I’ve found the most important thing is to let Anna be Anna, just in the same way that I let Anna’s big sister be herself. I don’t want to change Anna, she is who she is, she’s quirky, fun and most of all, happy. So when Anna decides to lick the hand rail on the railway bridge on the morning school run because it’s covered in ice and it makes us late for school, I shan’t be looking for an alternative excuse as to why we were late, I will instead choose to keep my sense of humour (I may however need to start carrying a mini hair dryer with me, no one wants to call a paramedic out for a frozen tongue!).
We are awaiting diagnosis but there is no doubt in my mind, or in those of the medical professionals that we work with now, that that diagnosis will be one of autism. It’s not what I thought we’d come up against but here we are. I don’t think of it as a tragedy, a challenge yes, but definitely not tragic and it’s just taking us along a different path. So it is a choice; we can either embrace it, and find a way to ensure that Anna lives a happy and full life to her fullest potential, or I can spend the rest of my days looking for a cause or a cure, both of which will absorb all of my energy and neither of which will be very helpful to Anna right now.
I also don’t think of it as a label. Autism is as much a part of Anna’s personality as anything and I don’t want to try and separate the two. Autism forms part of Anna’s identity and I think we need to be respectful of that. So when Anna does something and somebody asks ‘is that because of her autism?’ I can honestly reply ’I have absolutely no idea, maybe she just likes licking ice on the handrails, who knows’. Instead I see the diagnosis as a passport to access the right help, right now.

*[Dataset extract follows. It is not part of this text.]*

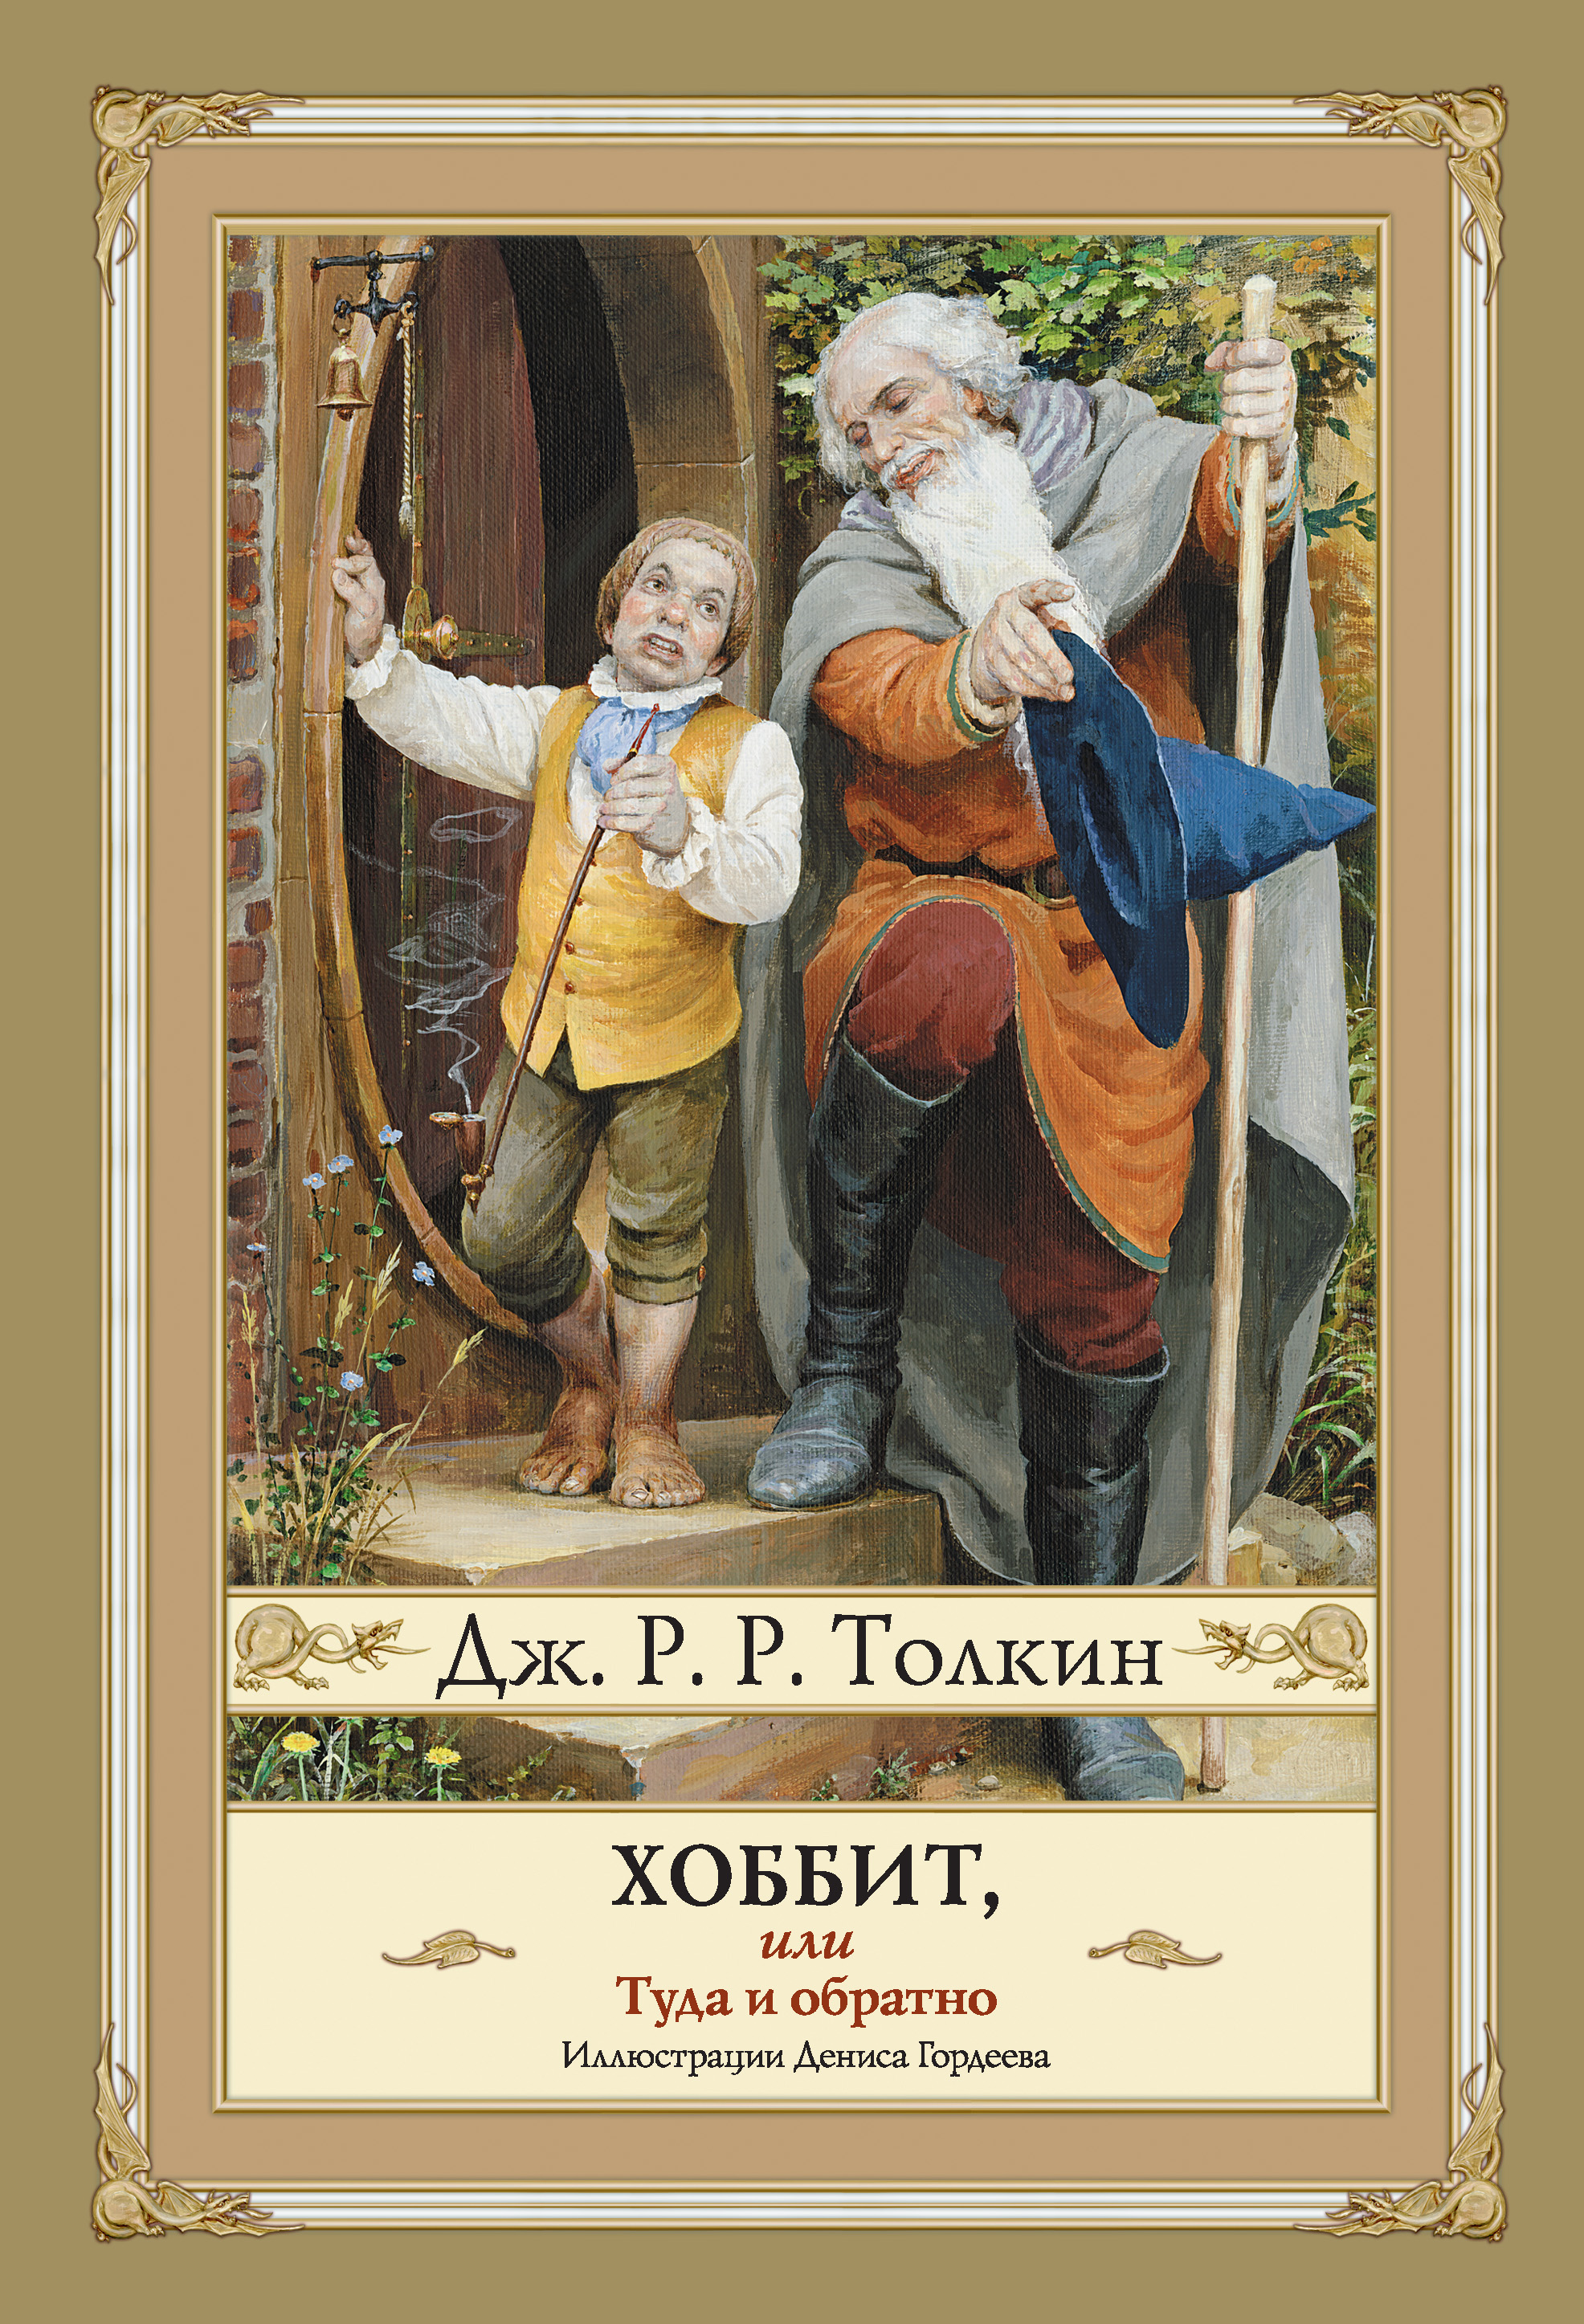 Джон Толкин «Хоббит, или Туда и Обратно»

There will be decisions to make about schools along the way and all we can do is do what is right for Anna, now, in that very moment. Anna is a little person already and I’m conscious that it’d be very easy to concentrate on how Anna will be in the future without seeing the wonderful little girl that already stands before us. I think Shakespeare was talking about Anna specifically when he wrote ‘though she be but little she is fierce’.
This journey reminds me of one of those books I read when I was younger, where you had to decide what you wanted to happen next, without knowing what the outcome would be. I remember one that said ‘if you want to go back the way you came turn to page 112, or if you want to follow the path through the woods go to page 99’. I’d take the road through the woods any day, because if I get scared, I’ll just wait for the sun to come up so I can get my bearings again so I can continue this journey.